Yasmin N. Aziz, Carl D. Langefeld, Mary E. Comeau, Miranda C. Marion, Tyler P. Behymer, Lee A. Gilkerson, Padmini Sekar, Weihong Yuan, Vivek Khandwala, Brady J. Williamson, Thomas Maloney, Achala Vagal, Pierce Boyne, Kari Dunning, Matthew L. Flaherty, Steven J. Kittner, Prachi Mehndiratta, Gunjan Y. Parikh, Michael L. James, David RohFernando D. Testai, Farhaan S. Vahidy, James Thornton, Ranjit Bagga, Daniel Woo, Stacie L. Demel

Research output: Contribution to journalArticlepeer-review

Abstract

Background: Ambulatory ability after intracerebral hemorrhage (ICH) is important to patients. We tested whether asymmetry between ipsi- and contra-lesional corticospinal tracts (CSTs) assessed by diffusion tensor imaging (DTI) is associated with post-ICH ambulation. Methods: Patients with spontaneous supratentorial ICH were recruited from 8 US sites between 2017 and 2024. For each patient, fractional anisotropy (FA) asymmetry index (AI) was computed for the whole CST and on a subset of fibers restricted to the cerebral peduncle (CP). Clinical and radiographic features were collected. The primary outcome was Barthel Index Mobility Score (BIMS) at 3 months (dichotomized outcome [DO]: BIMS 15 = good [independent ambulation]; BIMS < 15 = poor [non-independent ambulation]; ordinal outcome [OO]: BIMS 0, 5, 10, 15). Two imputation-based multiple logistic regression analyses accounted for whether ICH prevented tracking of CSTs. Odds ratios (ORs) were reported for a change of 0.1 and 95% confidence intervals (CIs). Results: At 3 months, 124 patients were eligible for inclusion. In addition to known clinical variables, CST and CP FA AI were associated with poor BIMS (OR 2.97, CI 1.12–7.90, p = 0.029; OR 3.80, CI 1.63–8.84, p = 0.002).
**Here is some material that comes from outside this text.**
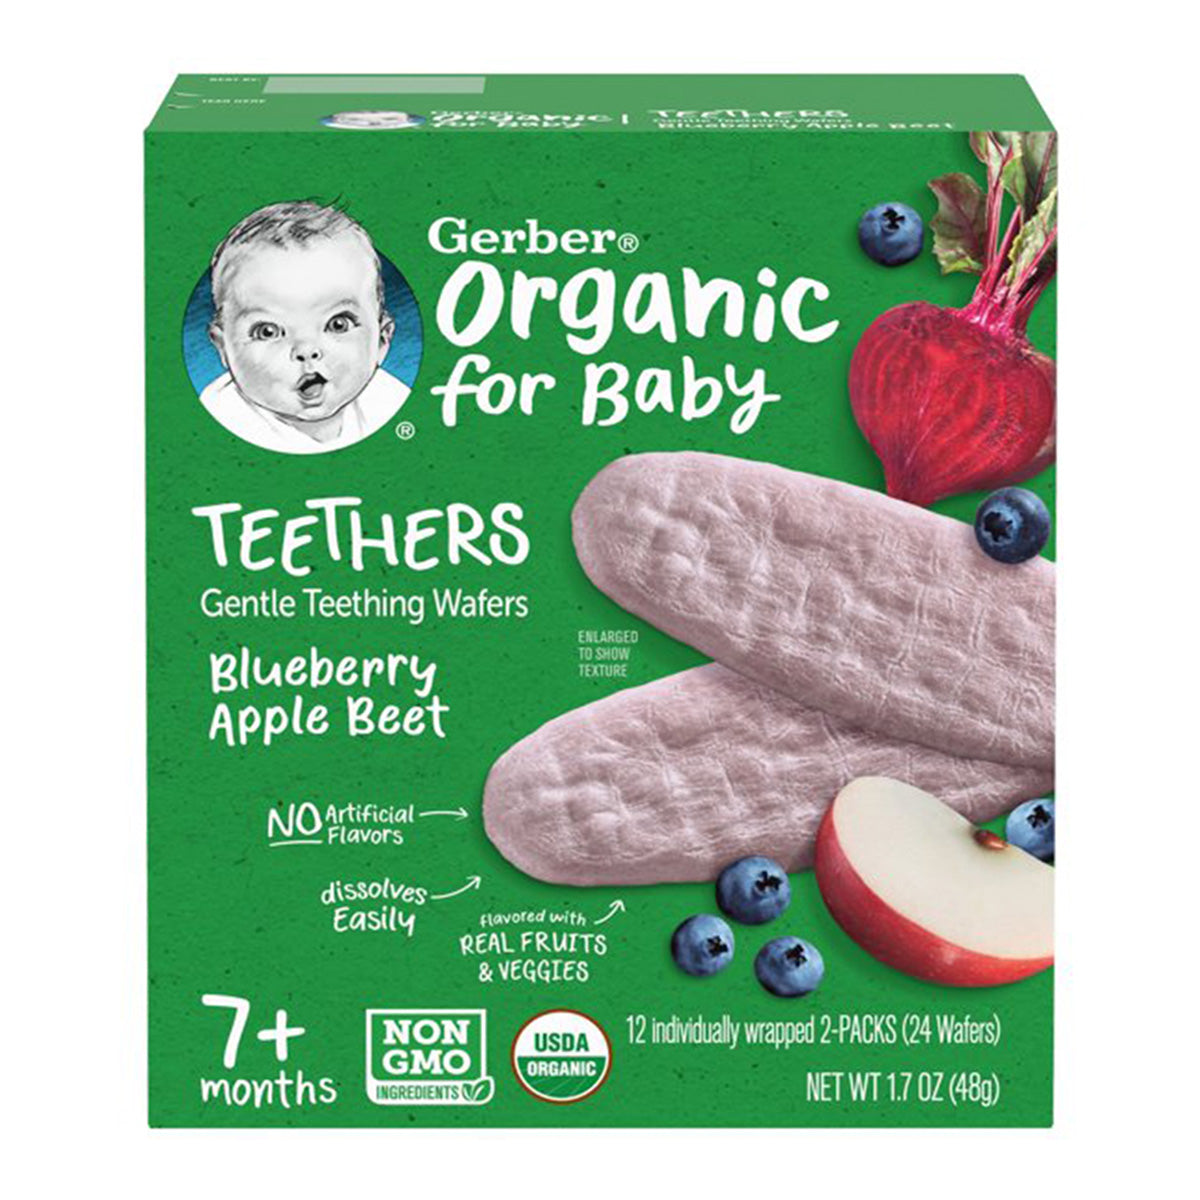 Gerber Organic for Baby, Teethers, Blueberry Apple Beet - 48g
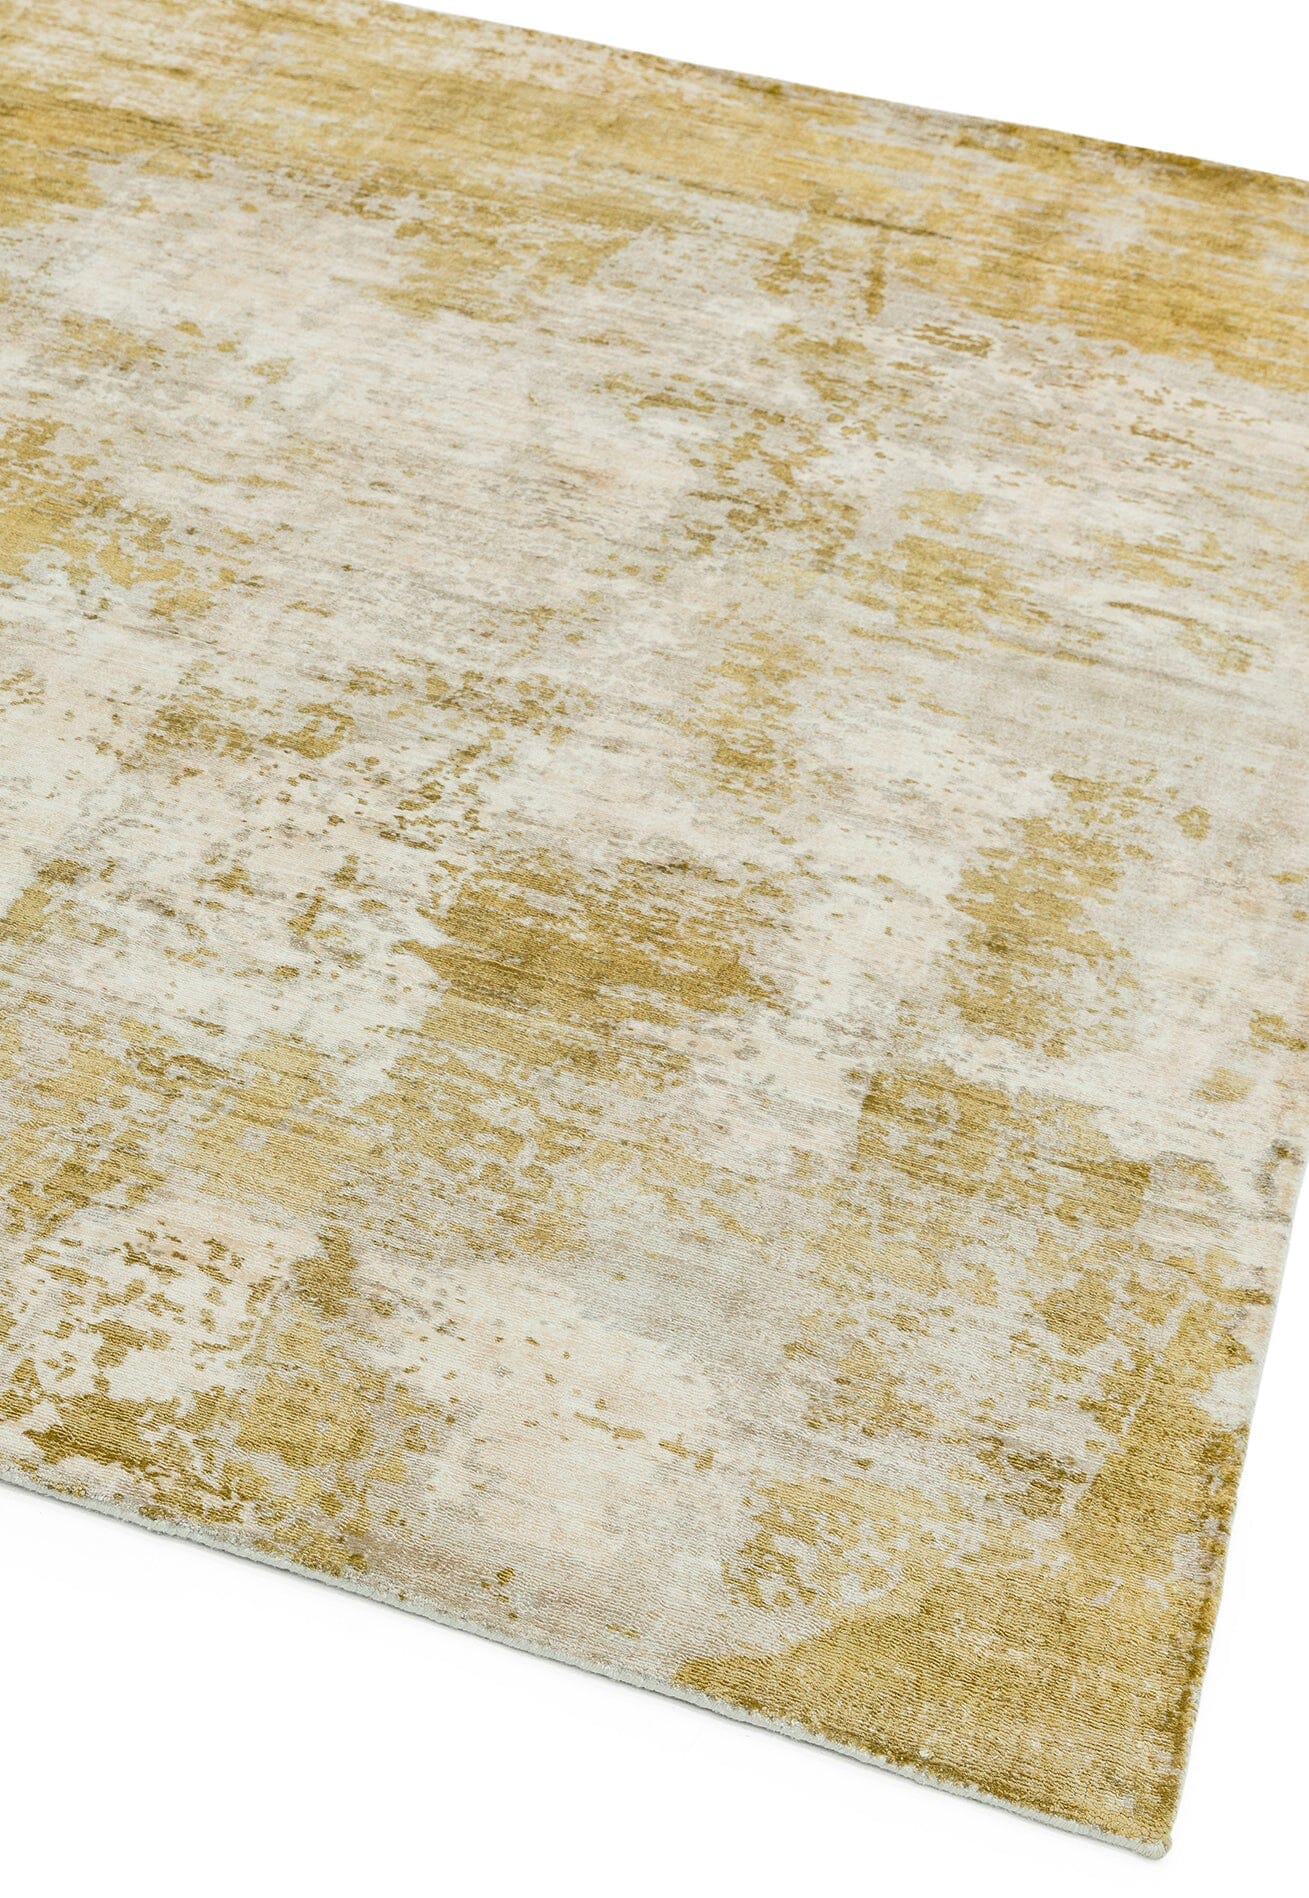  Asiatic Carpets-Asiatic Carpets Gatsby Hand Woven Rug Autumn - 240 x 340cm-Yellow, Gold 013

In Model 1, unresolved FA (FA zero) was not correlated with lower BIMS (DO: OR 3.25, CI 0.62–17.07, p = 0.163; ordinal outcomes: OR 2.02, CI 0.48–8.55, p = 0.341). In Model 2, the combination of CST FA AI and FA zero correlated with lower BIMS (DO: joint p-value =0.041; OO: p = 0.030). CP FA asymmetry was associated with lower BIMS (DO: OR 3.96, CI 1.25–12.55, p = 0.019; OO: OR 3.39, CI 1.24–9.27, p = 0.017). Conclusion: DTI-assessed CST integrity may be an additional tool physicians can utilize to guide post-ICH ambulatory expectations.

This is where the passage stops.